Maybe NO – Think Sapphira. She lied in agreement with her husband about how much money they had to give. God struck her husband and her dead.
Maybe NO – Think Abigail. She knew Nabal had no intentions of being hospitable to David, so she clearly took matters into her own hands. She ended up David’s wife. Nabal died.
So what’s a girl to do? How do you know what is right?
The answer is found in the fact that Sarah is heralded a few times in the New Testament as being a woman of great faith.
The answer is not, however, in doing what she did – but rather looking at the source of her honor – her great faith.
She trusted God.
With her very life.
Some commentators suggest that the reason she didn’t “stand up for herself and the truth” when Abraham lied and let her be taken into harems of other powerful men, is that at first she didn’t know that the child would come through her line – and because she came from a warring people, she was tough, strong, and willing to lay down her life to protect Abraham’s so the nation could be born from him.

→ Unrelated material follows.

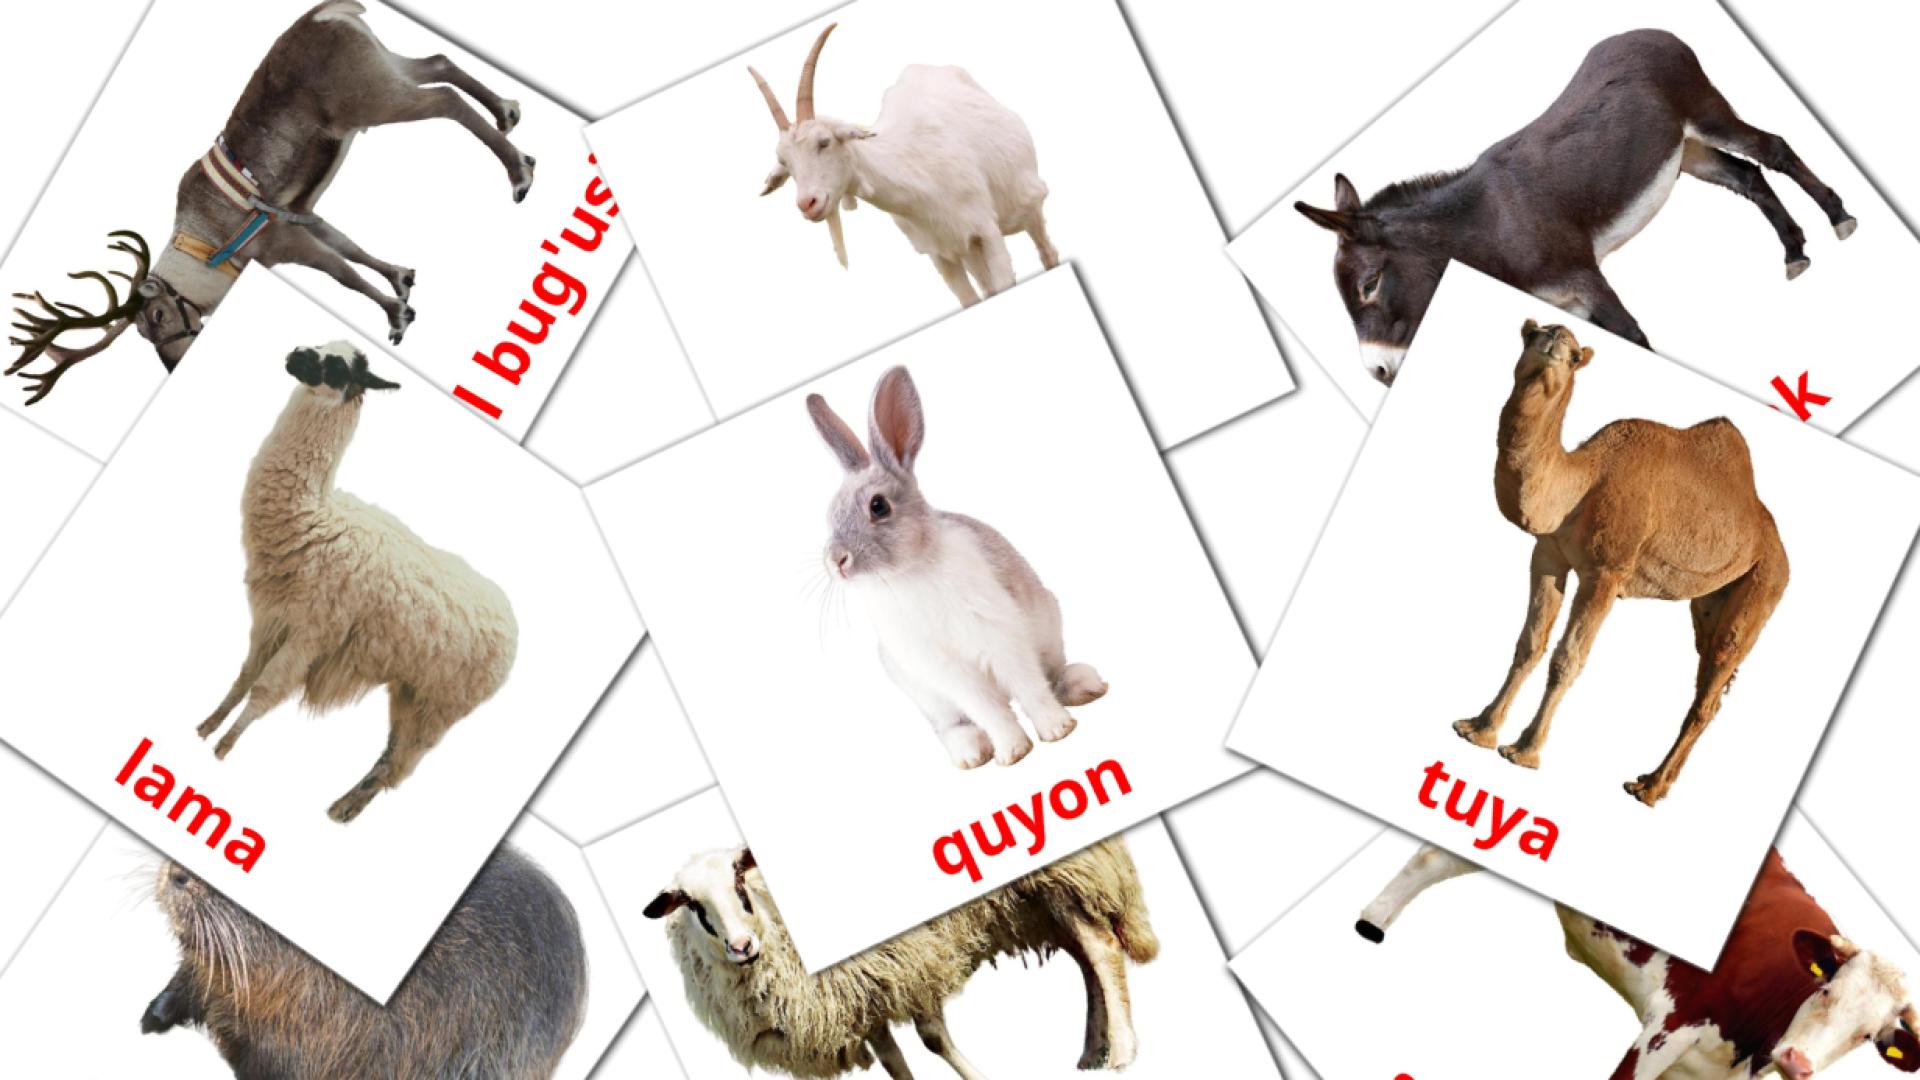 15 tarjetas didacticas de Ferma hayvonlari

The second time Abraham did this, however, she had been told that it would be her that would become pregnant.
So she had to really trust God in the face of MUCH risk.

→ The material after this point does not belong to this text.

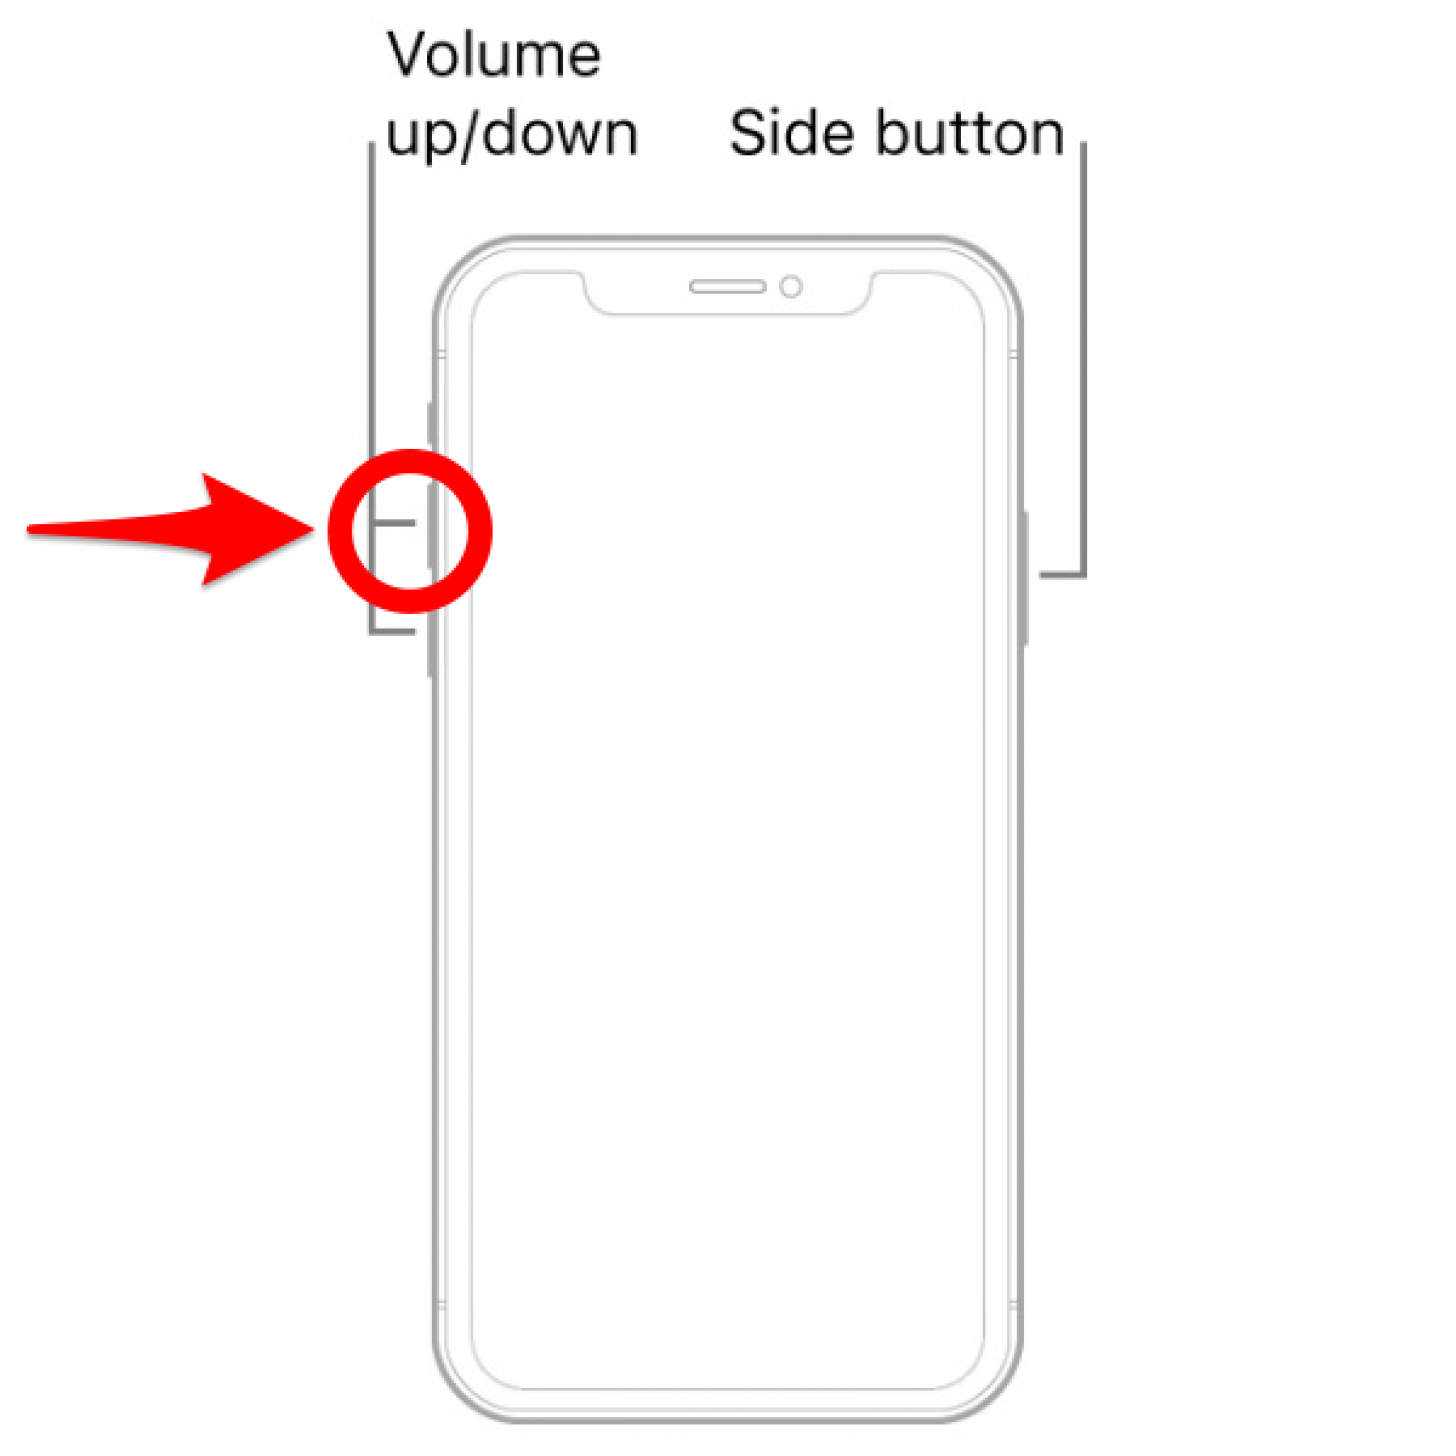 Presione el botón para subir el volumen y suéltelo rápidamente: reinicie el iPhone x

So how do WE know what He wants us to do?
Be like Sarah – women of great faith, who spend time with Him daily, listening, praying, receiving, and obeying.
When He tells us to overlook an insult?
Be brave, like Sarah, putting our faith in God alone. We know that even if God doesn’t protect us the way we thought He might (Shadrack, Meshack and Abednego-style) He means it for our good.

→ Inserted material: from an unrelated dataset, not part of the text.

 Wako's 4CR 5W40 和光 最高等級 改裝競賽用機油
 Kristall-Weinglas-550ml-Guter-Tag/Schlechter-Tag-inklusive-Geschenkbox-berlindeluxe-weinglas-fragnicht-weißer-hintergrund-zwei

And when He tells us to confront our husband’s sin?
Read Matthew 18.
Know it will be as hard as overlooking it can be.
And how you go about dealing with it makes all the difference in the world.
Should we be communicate how wrong he is and how right we are?
How about being contemptuous?
NO. At the core of the verses in the bible, “a wife must respect her husband,” and “a wife must submit to her husband,” is first, submission to Christ. That means we need to respond in love instead of being critical (sin of judgment) or defensive (focused on self). When both husband and wife are mature believers, you see a relationship built on mutual respect, mutual deference, and mutual submission, but only because they are trying to work out what God would have them do – they are both following Christ first. And even within this “mutual” experience, God still holds your husband accountable first for your family.
And there will always be men who need to lord authority over anyone – including their wives. These are the “because I said so” employers, parents, spouses, and they exist irrelevant of gender.
But here’s the thing, just like the last way that you’d want to tell your husband that his timing is off when he wants to play and you’re on your way out the door, late for a meeting, is “You can’t be serious! Is that ALL you ever think about?”
He can hear so much more if we’ll but say instead, “Ooooh… that IS a good idea… you keep that thought – I’ll be home at 5pm, and we’ll sneak something in before the kids get home from basketball…” and out the door you can go. Or maybe you ditch your meeting. (Seriously, sometimes there are just more important things – not sure, ask Him! :))
But understand this: If you want a husband that is engaged in his family, you have to be encouraging. If you wait until things are perfect to show any appreciation, or wait until he does something BIG to show affirmation, you’re going to create a condition in him called LEARNED HELPLESSNESS. If you nag, criticize, complain and with hold the encouragement, you will create an environment where he stops trying. He will feel like nothing he does is ever good enough anyway, so why bother.
Affirm him for the small things. Little things done well over time result in a life changed. Understand that whatever you pay attention to grows.
Grow the right stuff in your family.
And learn to serve as Christ, loving your husband as your closest brother well. THAT is what this journey is about.